TASK PROMPT – Copy exactly the lines of the data below, beginning with the line with "Clip Arts Related To : exit sign." and ending with the line with "004.001.7003 4cabling 1m". Pictures are to be omitted.

DATA TO PROCESS –
* * *

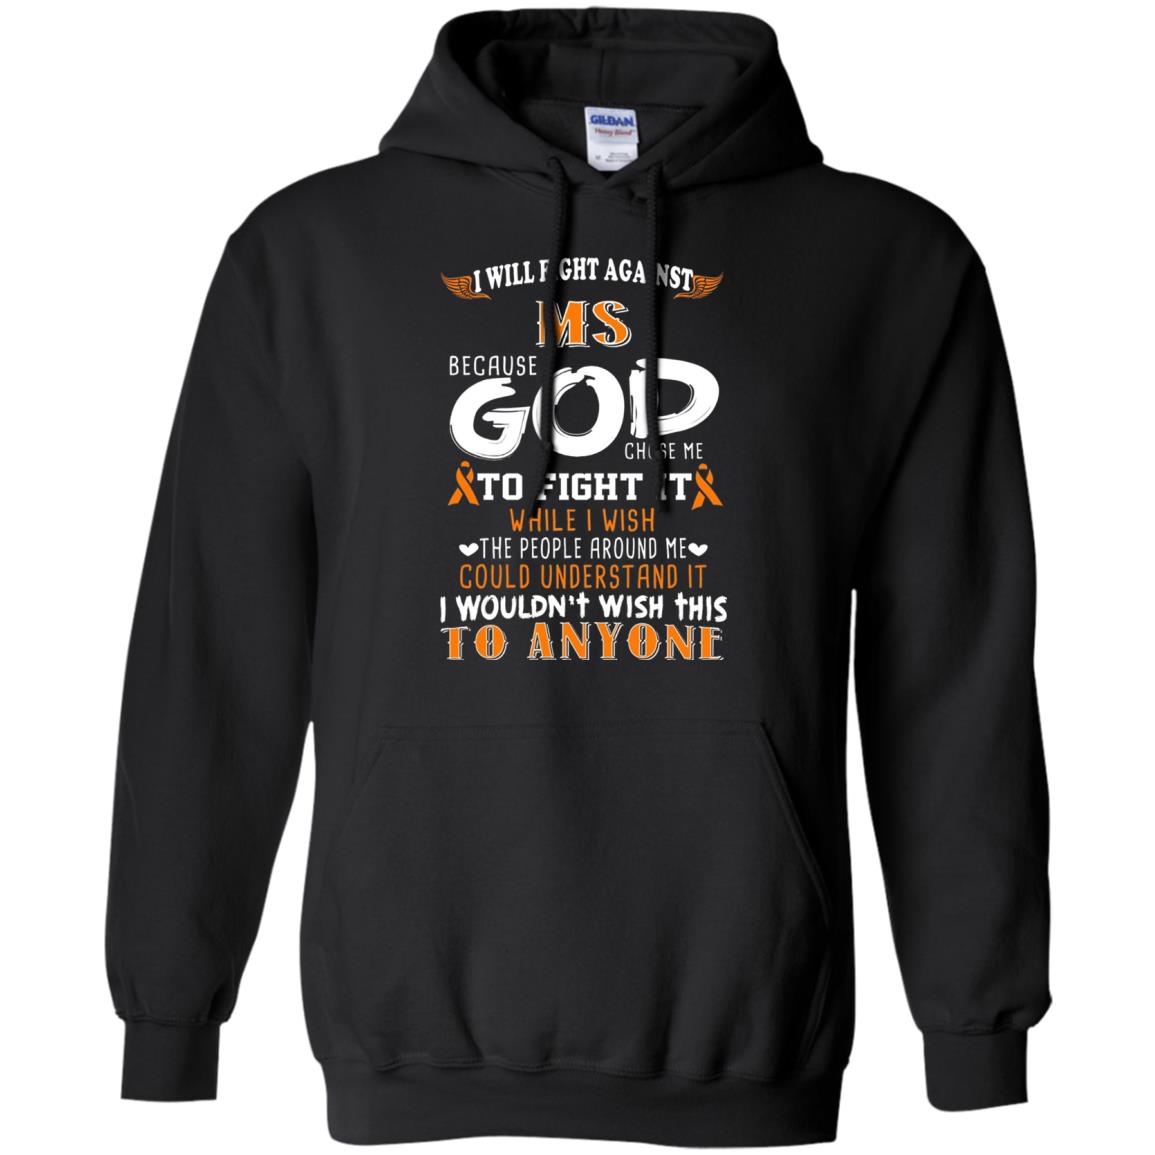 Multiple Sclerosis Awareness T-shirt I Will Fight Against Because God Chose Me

* * *

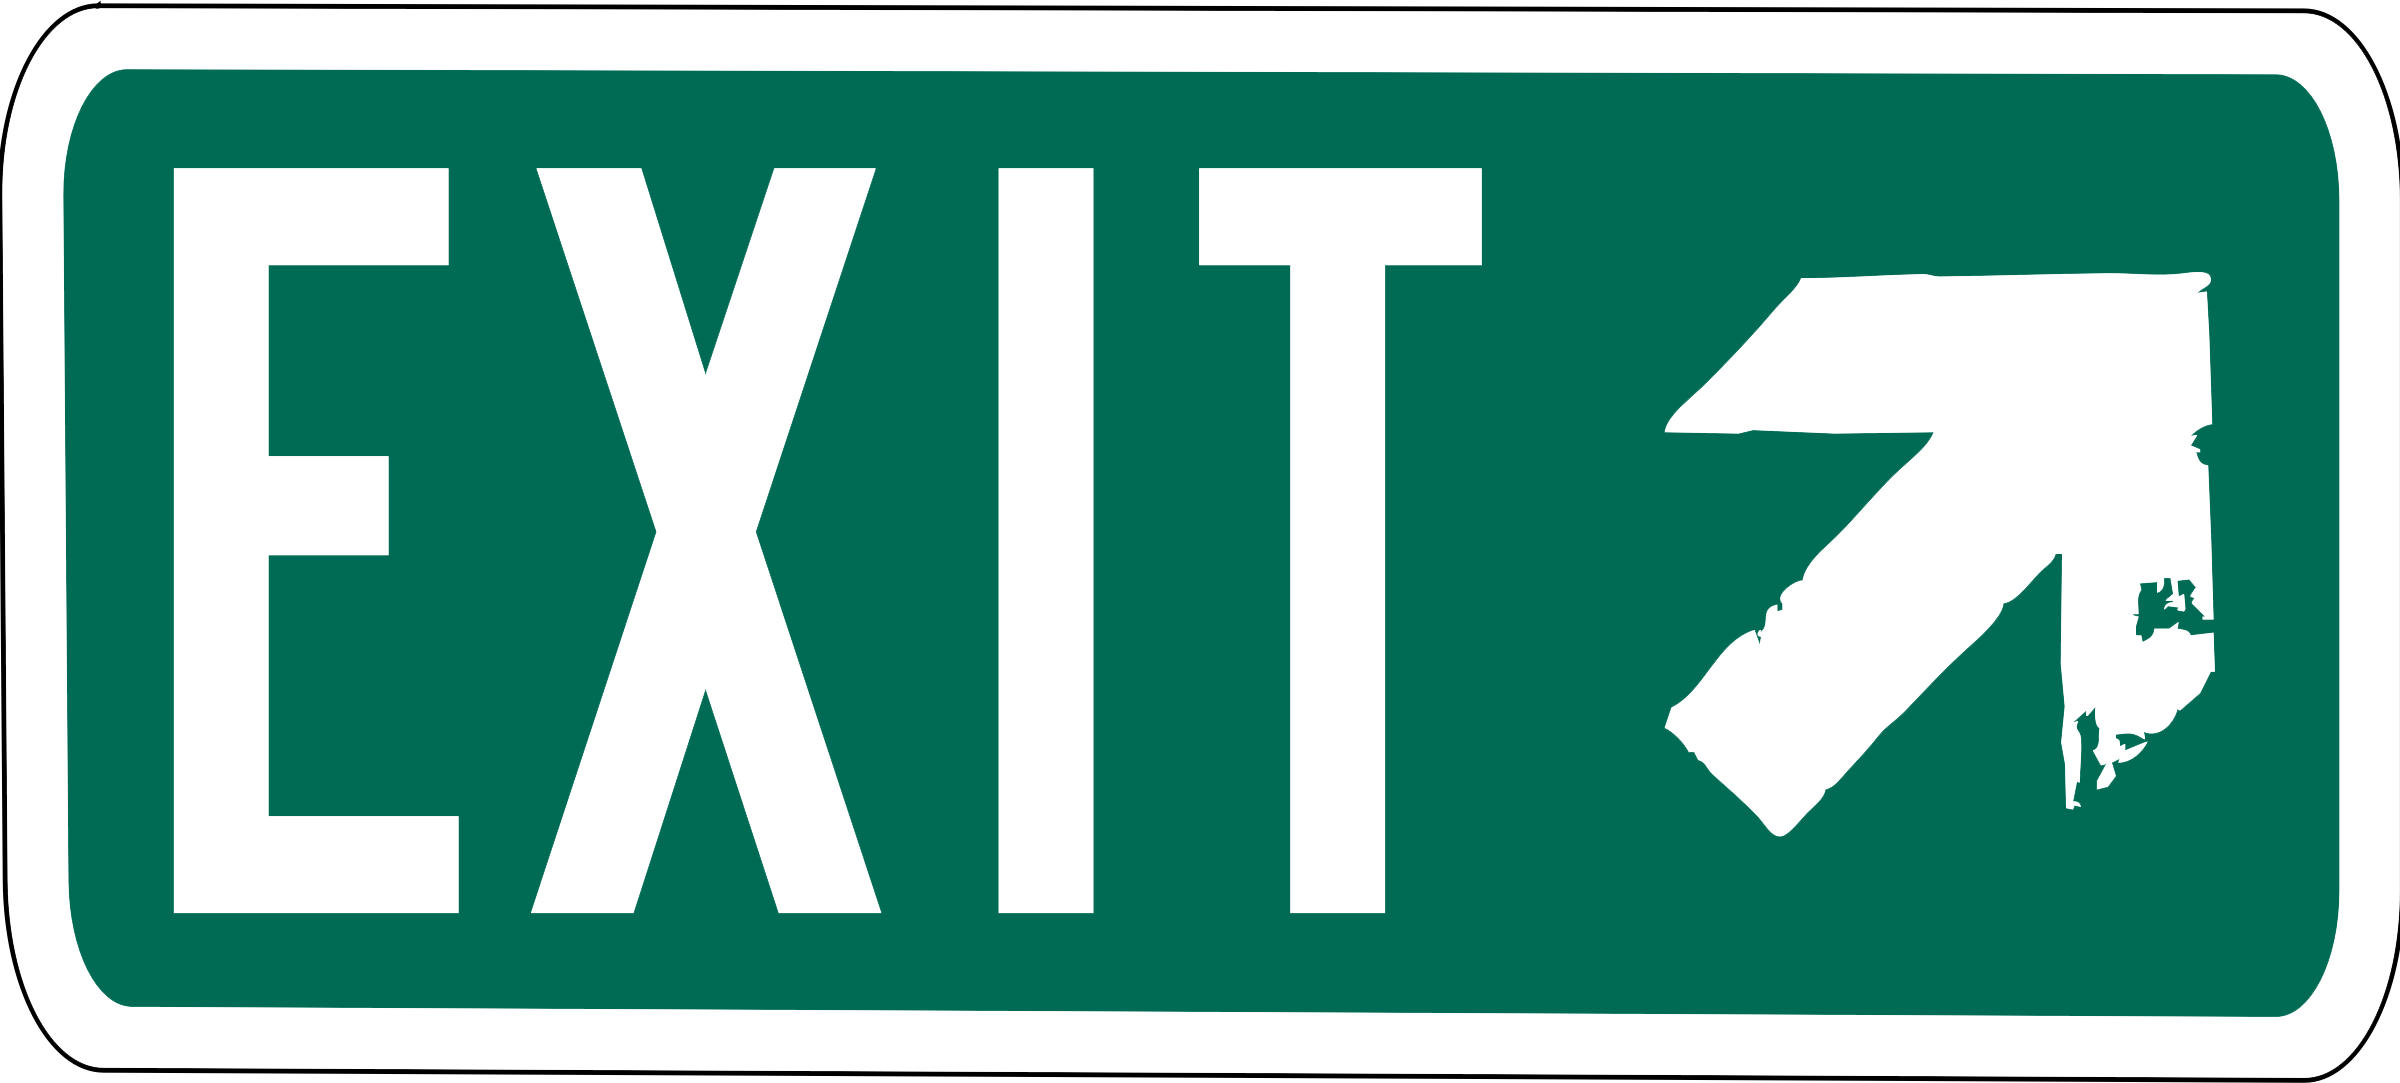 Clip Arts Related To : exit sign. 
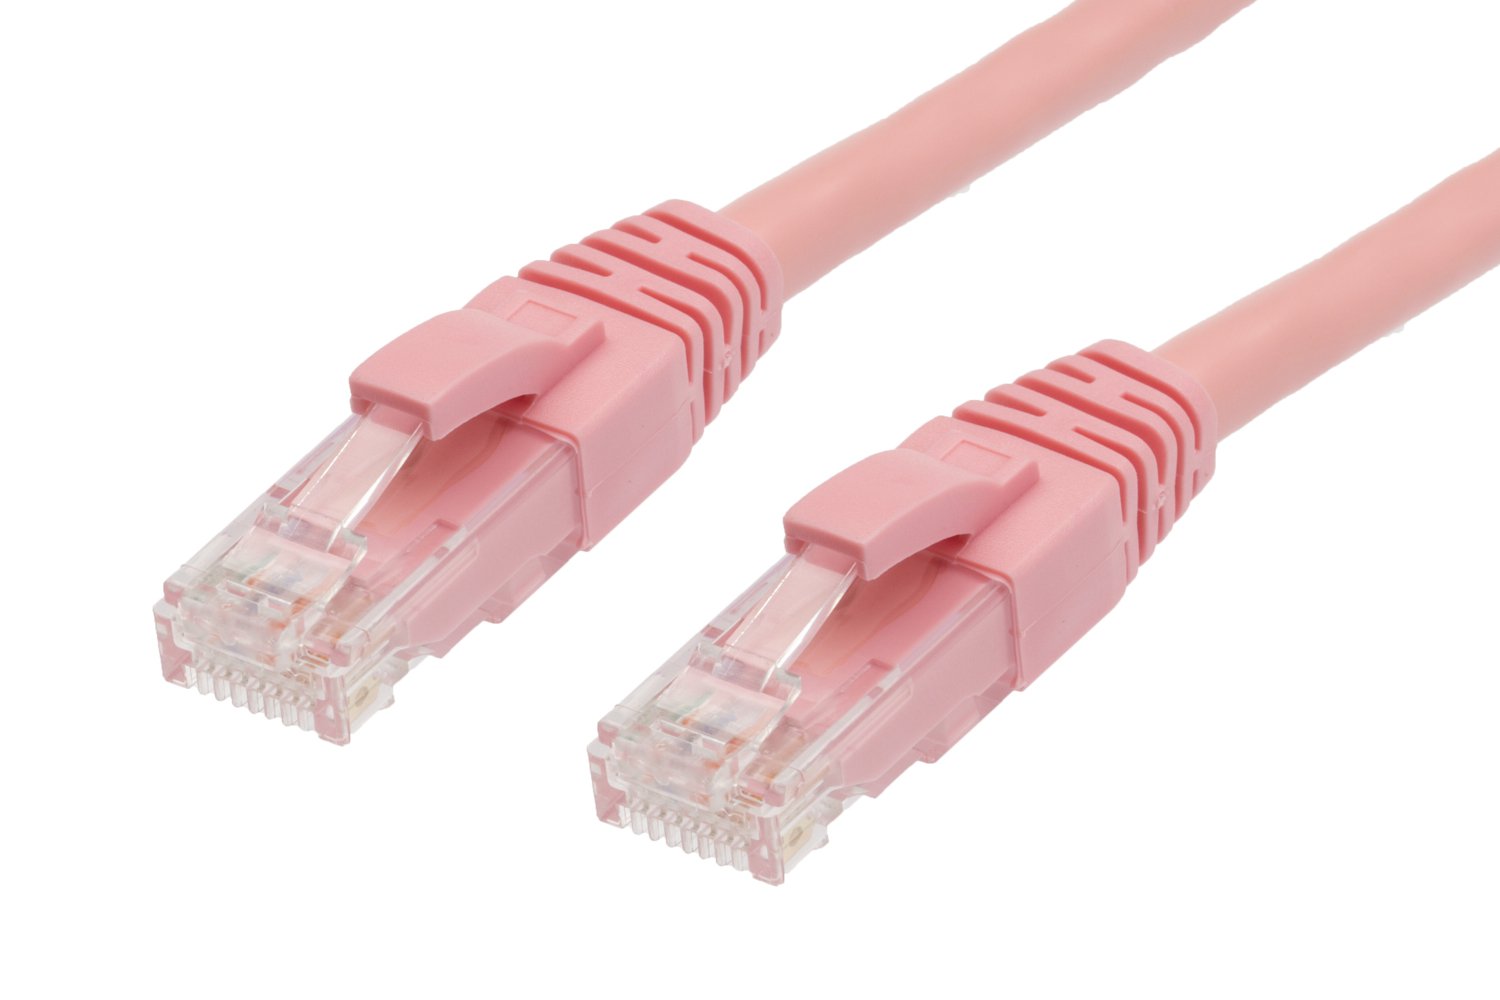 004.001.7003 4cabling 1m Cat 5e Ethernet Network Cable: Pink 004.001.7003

* * *

RESULT –
 Clip Arts Related To : exit sign. 
 004.001.7003 4cabling 1m Cat 5e Ethernet Network Cable: Pink 004.001.7003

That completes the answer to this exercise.